[Collected material Boundary: Start]

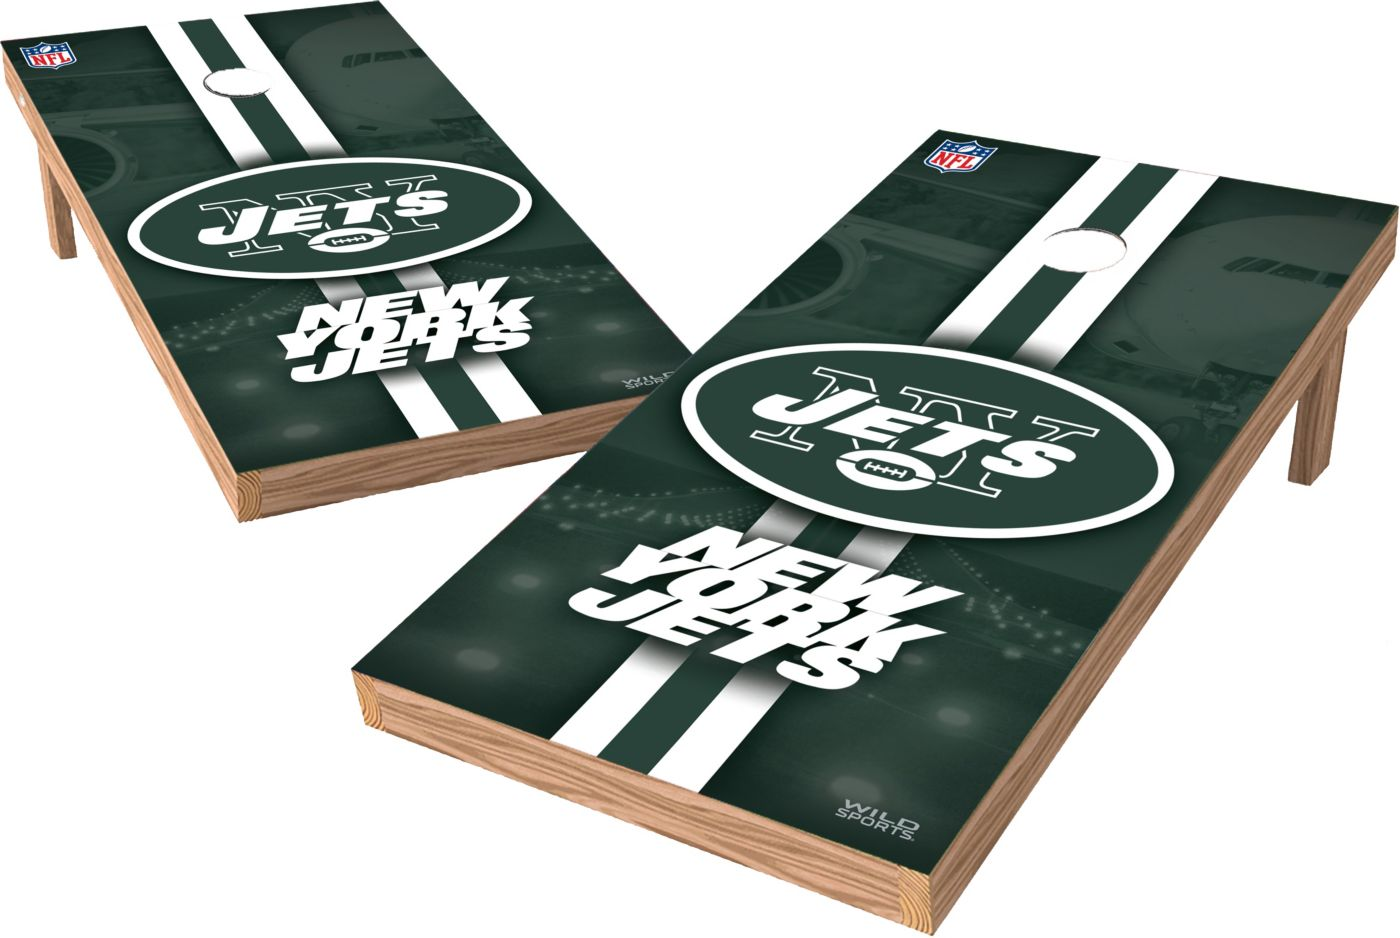 Wild Sports 2' x 4' New York Jets XL Tailgate Bean Bag Toss Shields
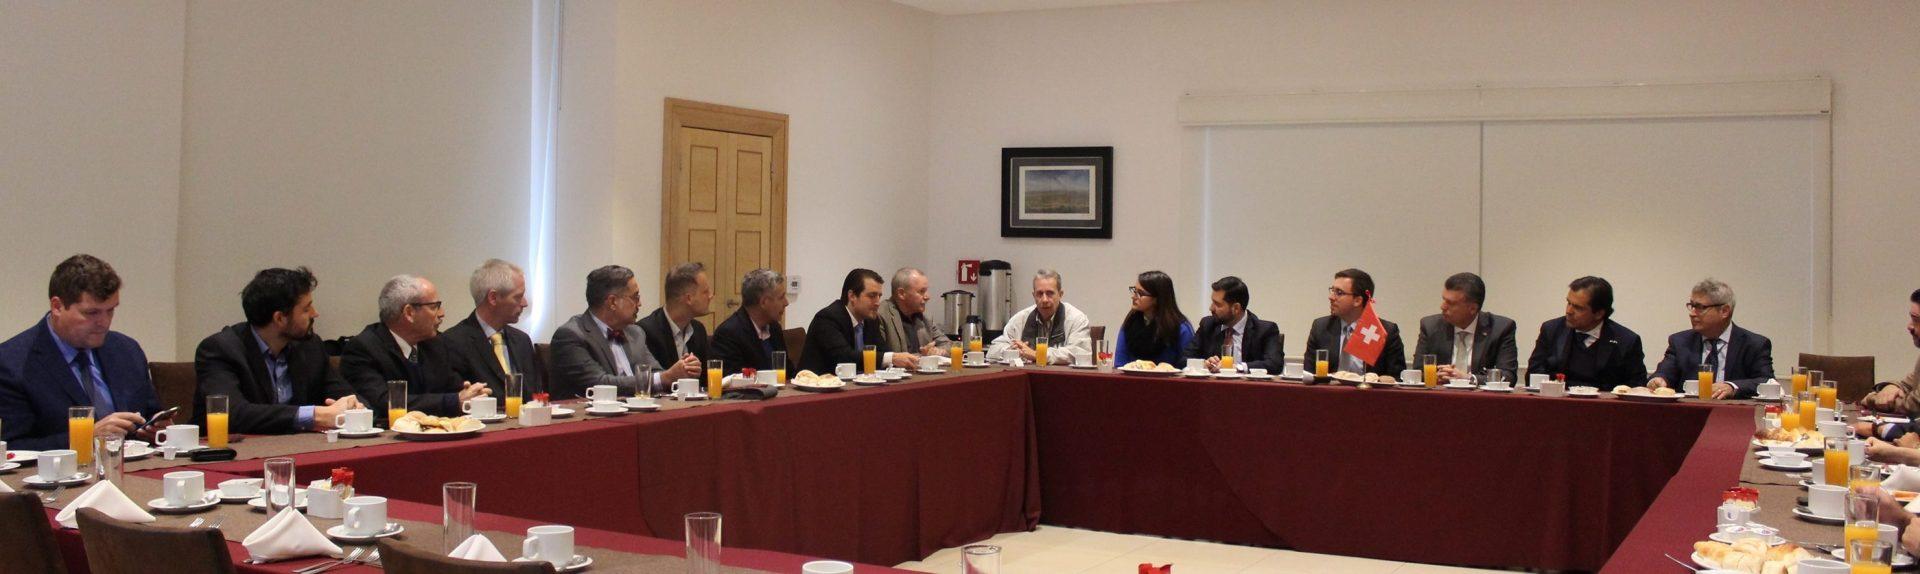 Business Breakfast in Querétaro
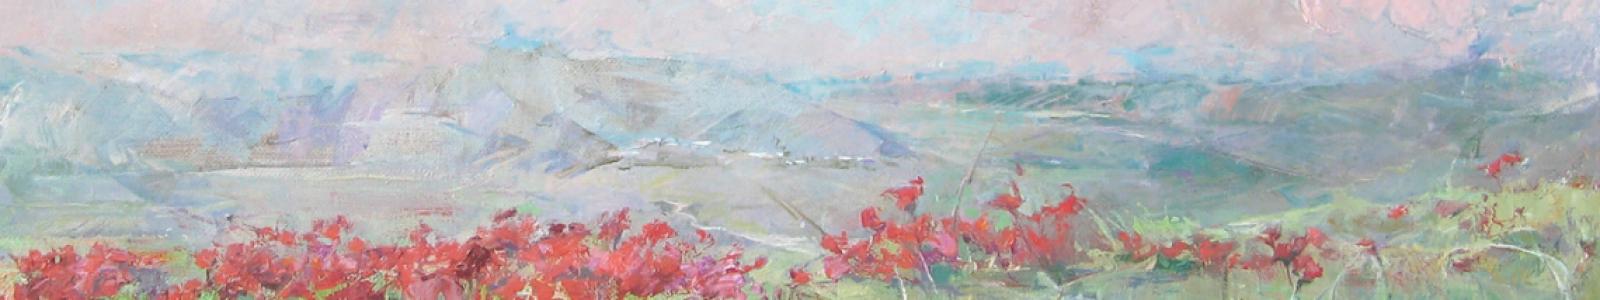 Gallery Painter Nikoloz Gabunia
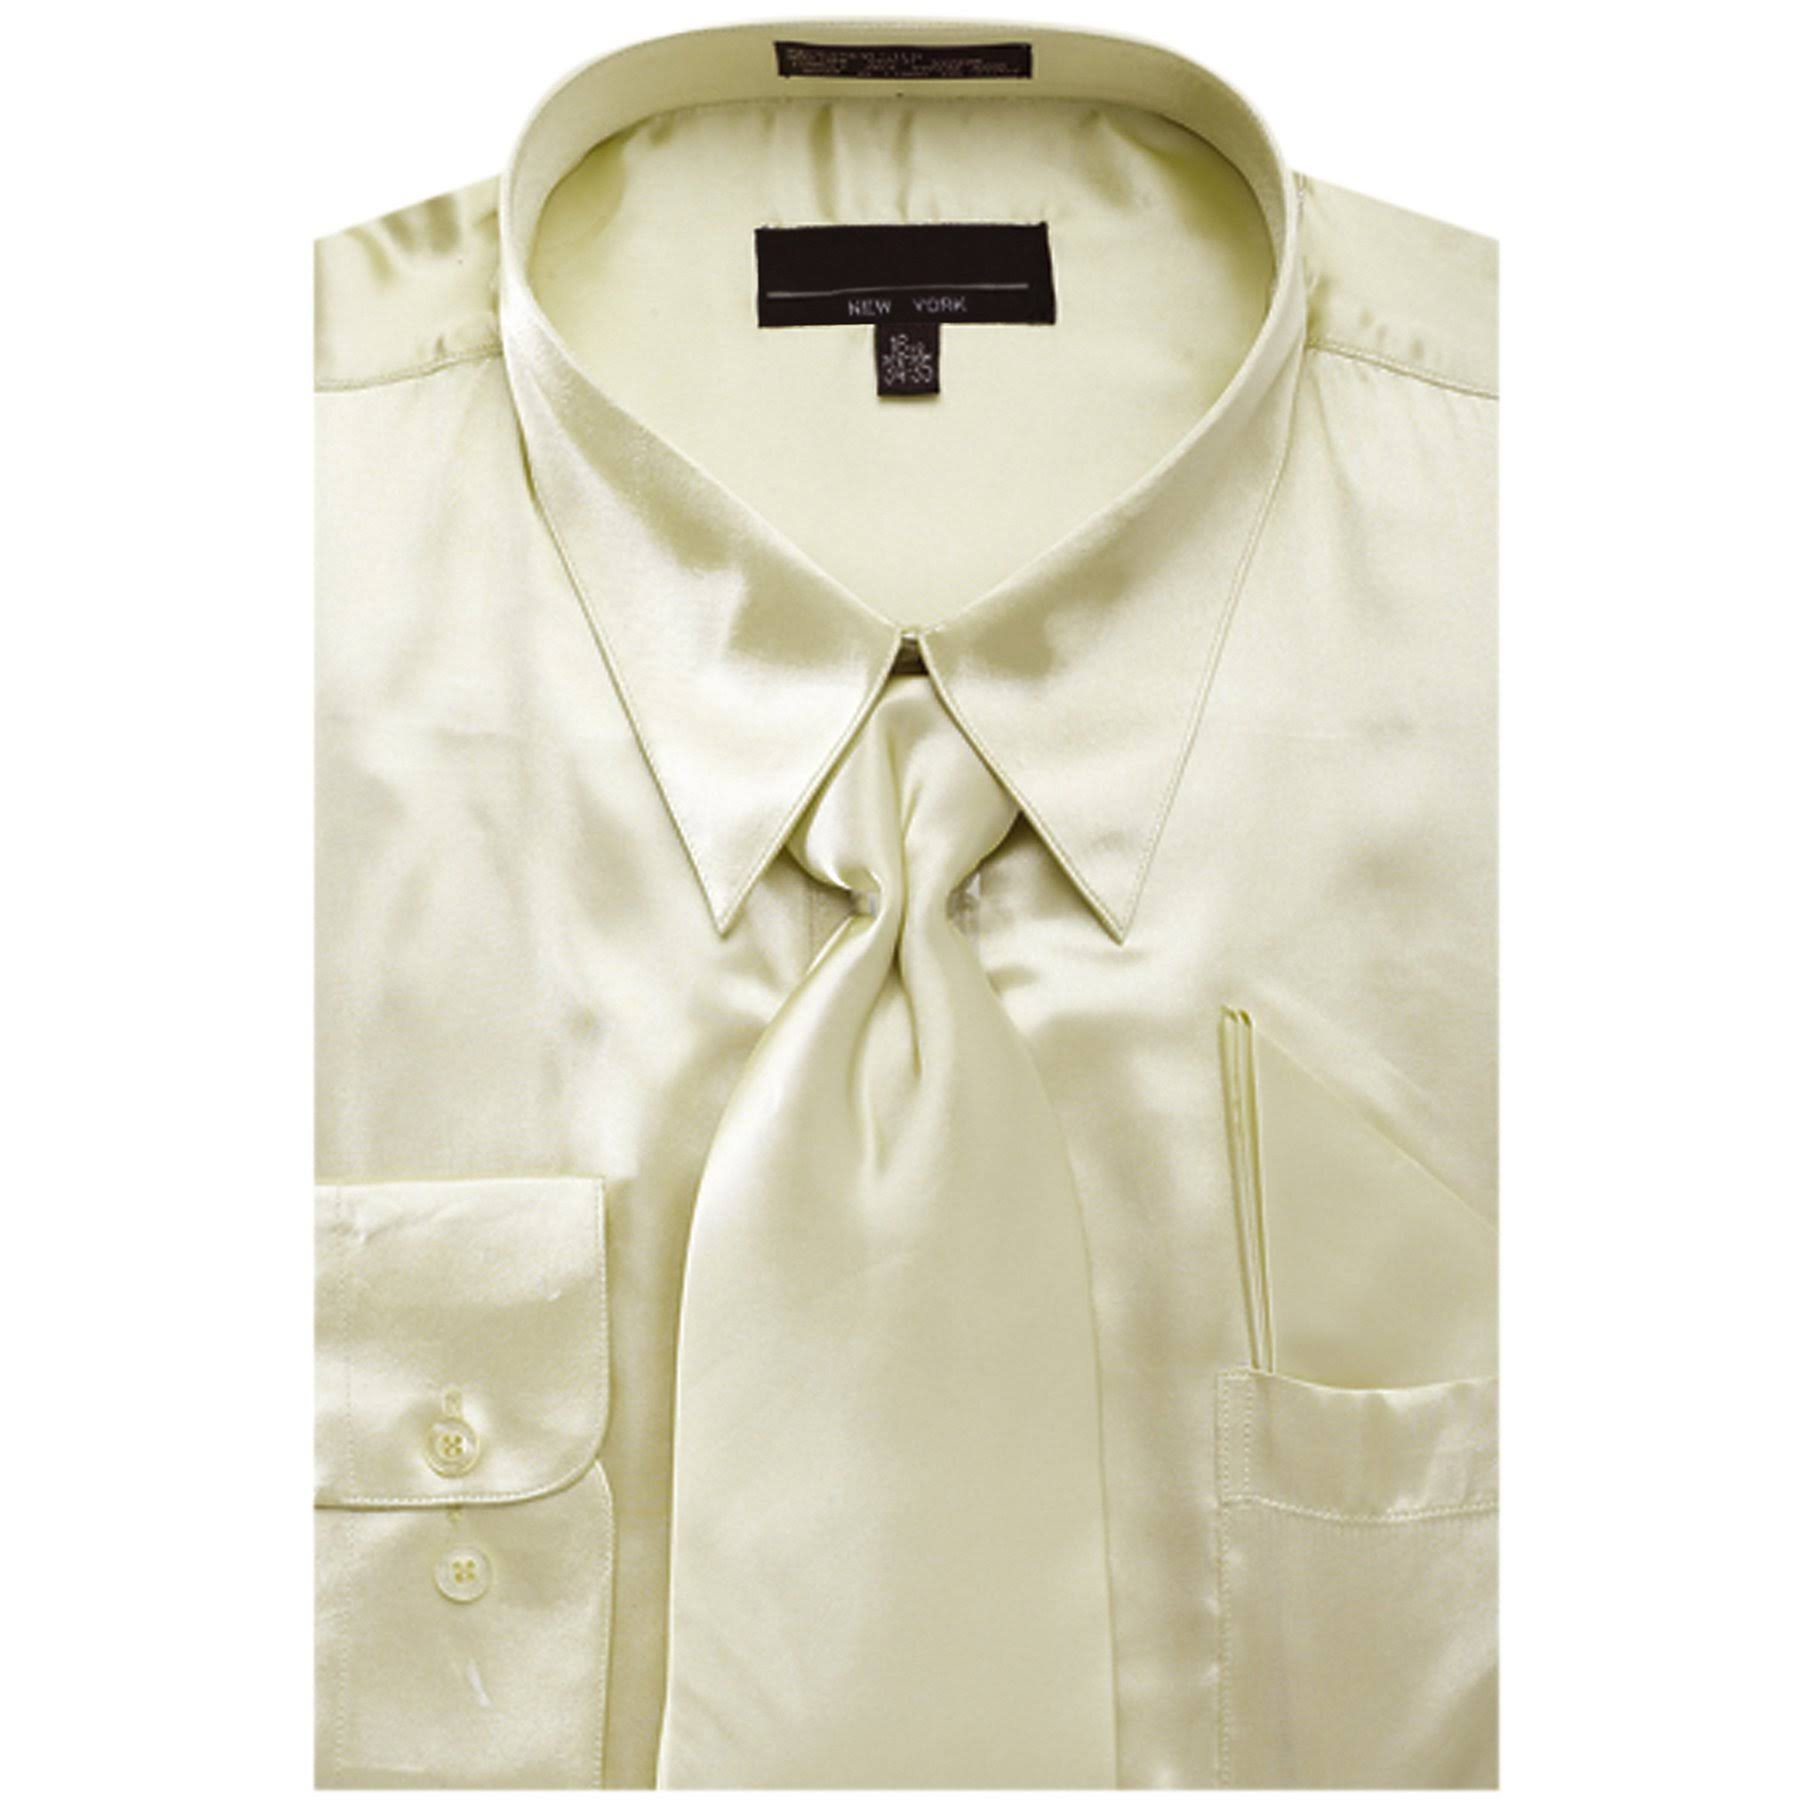 Tamaño Oliva En 5 Verde Sunrise Satén 15 35 De Outlet Para Camisa Y Liso 34 Color Vestir Hombre Pañuelo Corbata tqOZSH

[Collected material Boundary: End]

§ **What is expected**:
Starting with the line that contains "Business Breakfast in Querétaro" and ending with the last line of the material, every line must be written out exactly; no other lines and no pictures are wanted.

§ **Result**:
 Business Breakfast in Querétaro
 Gallery Painter Nikoloz Gabunia
 Tamaño Oliva En 5 Verde Sunrise Satén 15 35 De Outlet Para Camisa Y Liso 34 Color Vestir Hombre Pañuelo Corbata tqOZSH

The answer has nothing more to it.